Here is the second version of my patch, containing all the features agreed so far.



Cheers,
Chris

--- gk.h.orig	Thu Sep 18 00:12:10 2003
+++ gk.h	Thu Sep 18 00:13:43 2003
@@ -67,6 +67,9 @@
 	/** do some routines **/
 	void HouseKeeping(void);
 
+	/** Sets the process's user and group **/
+	static BOOL SetUserAndGroup(const PString &username);
+
 	//@}
 
 };
--- gk.cxx.orig	Wed Dec 11 07:30:52 2002
+++ gk.cxx	Thu Sep 18 00:41:12 2003
@@ -23,6 +23,7 @@
 #endif
 
 #ifndef WIN32
+#define HAS_SETUSERNAME
 #include <signal.h>
 #endif
 #include "gk.h"
@@ -210,7 +211,41 @@
 	return ExitFlag = true;
 }
 
+inline BOOL Gatekeeper::SetUserAndGroup(const PString &username)
+{
+	return false;
+}
+
 #else
+#  include <pwd.h>
+
+BOOL Gatekeeper::SetUserAndGroup(const PString &username)
+{
+#if defined(P_PTHREADS) && !defined(P_THREAD_SAFE_CLIB)
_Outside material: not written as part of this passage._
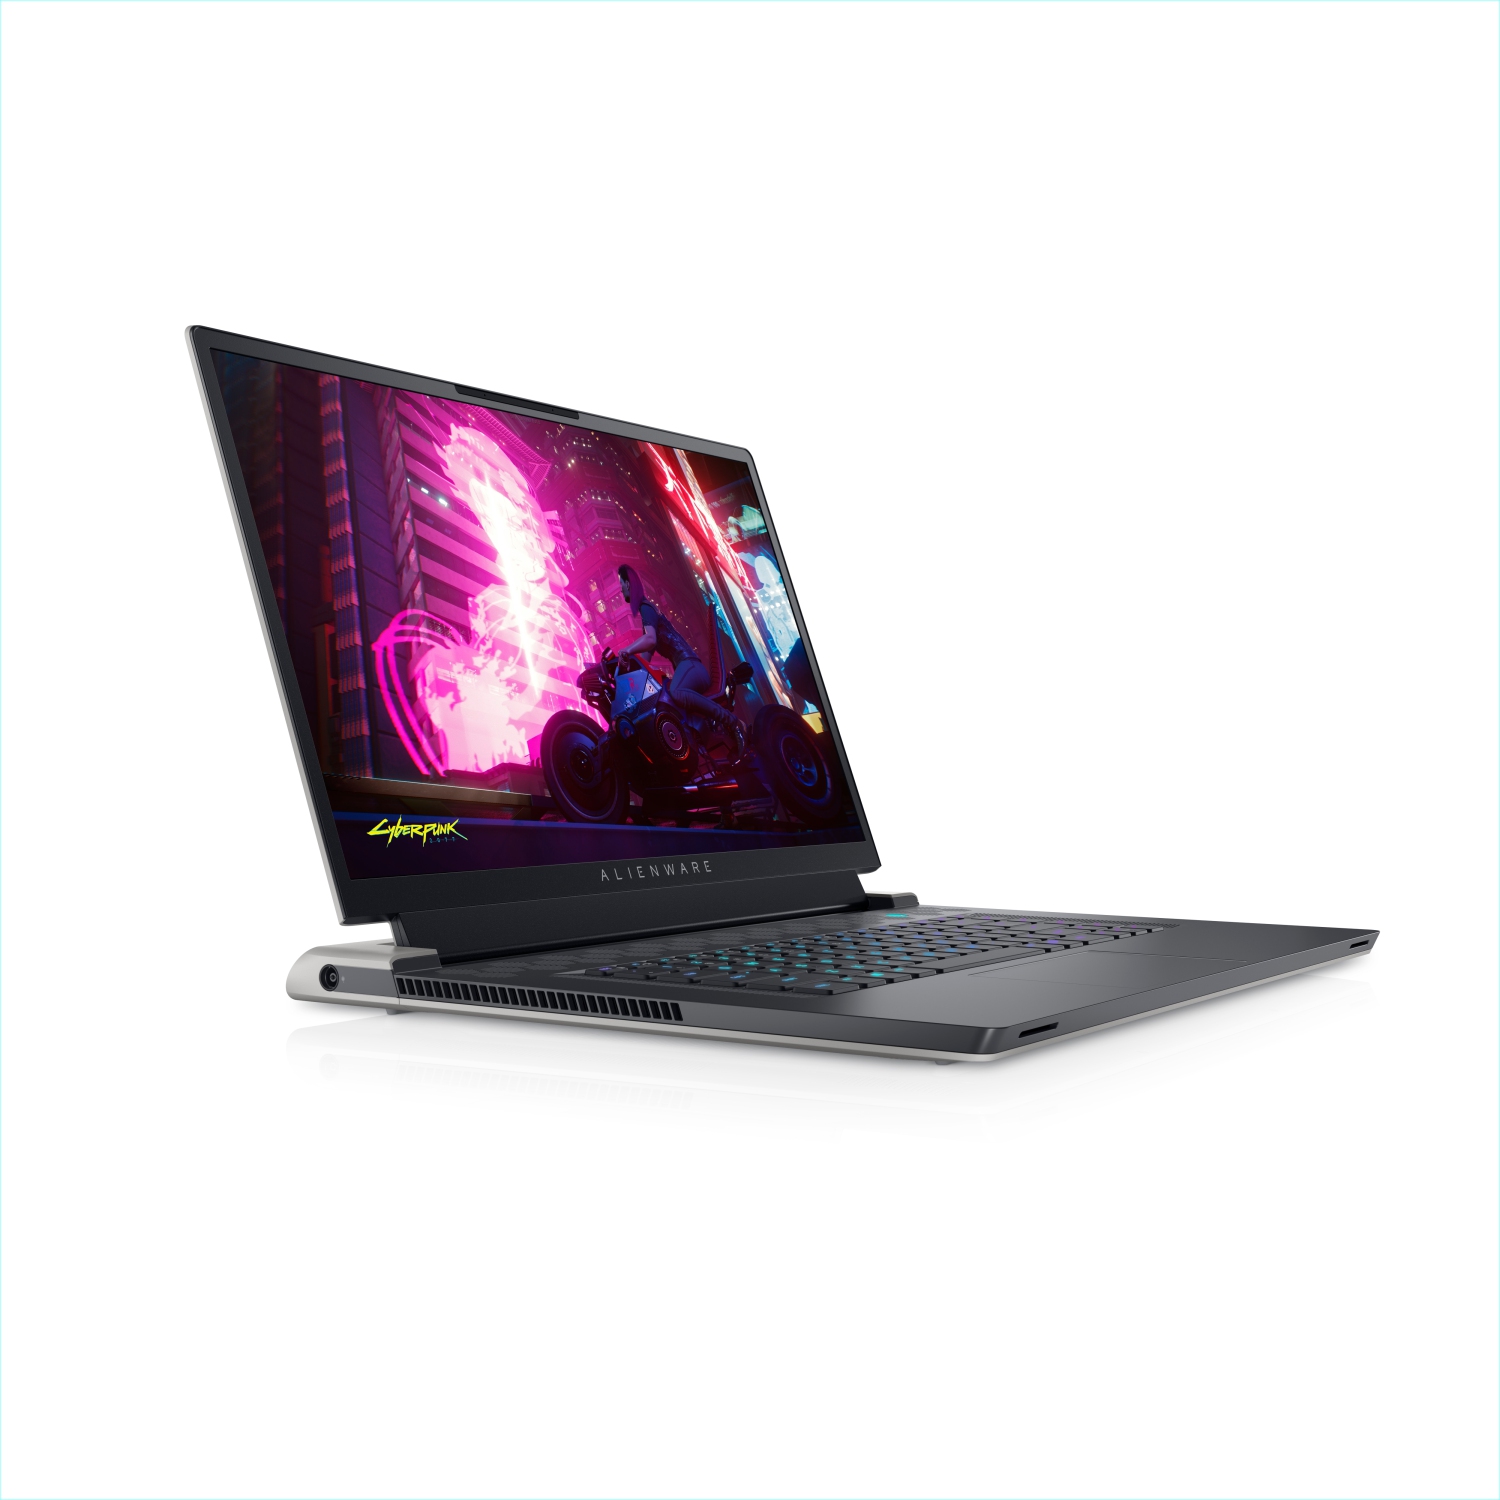 Refurbished (Excellent) - Dell Alienware X17 R1 Gaming Laptop (2021), 17.3" FHD, Core i9, 256GB SSD, 32GB RAM, RTX 3080, 8 Cores @ 5 GHz, 11th Gen CPU Certified

+	static const size_t MAX_PASSWORD_BUFSIZE = 1024;
+
+	struct passwd userdata;
+	struct passwd *userptr;
+	char buffer[MAX_PASSWORD_BUFSIZE];
+
+#if defined (P_LINUX) || defined (P_AIX) || defined(P_IRIX) || (__GNUC__>=3 && defined(P_SOLARIS)) || defined(P_RTEMS)
+	::getpwnam_r(username,
+	             &userdata,
+	             buffer,
+	             sizeof(buffer),
+	             &userptr);
+#else
+	userptr = ::getpwnam_r(username, &userdata, buffer, sizeof(buffer));
+#endif
+#else
+	struct passwd *userptr = ::getpwnam(username);
+#endif
+
+	return (userptr != NULL) &&
+	       (userptr->pw_name != NULL) &&
+	       (::setgid(userptr->pw_gid) == 0) &&
+	       (::setuid(userptr->pw_uid) == 0);
+}
 
 void UnixShutdownHandler(int sig)
 {
@@ -259,6 +294,7 @@
 		 "i-interface:"
 		 "l-timetolive:"
 		 "b-bandwidth:"
+		 "u-user:"
 #if PTRACING
 		 "t-trace."
 		 "o-output:"
@@ -363,6 +399,7 @@
 		"  -i  --interface IP : The IP that the gatekeeper listen to\n"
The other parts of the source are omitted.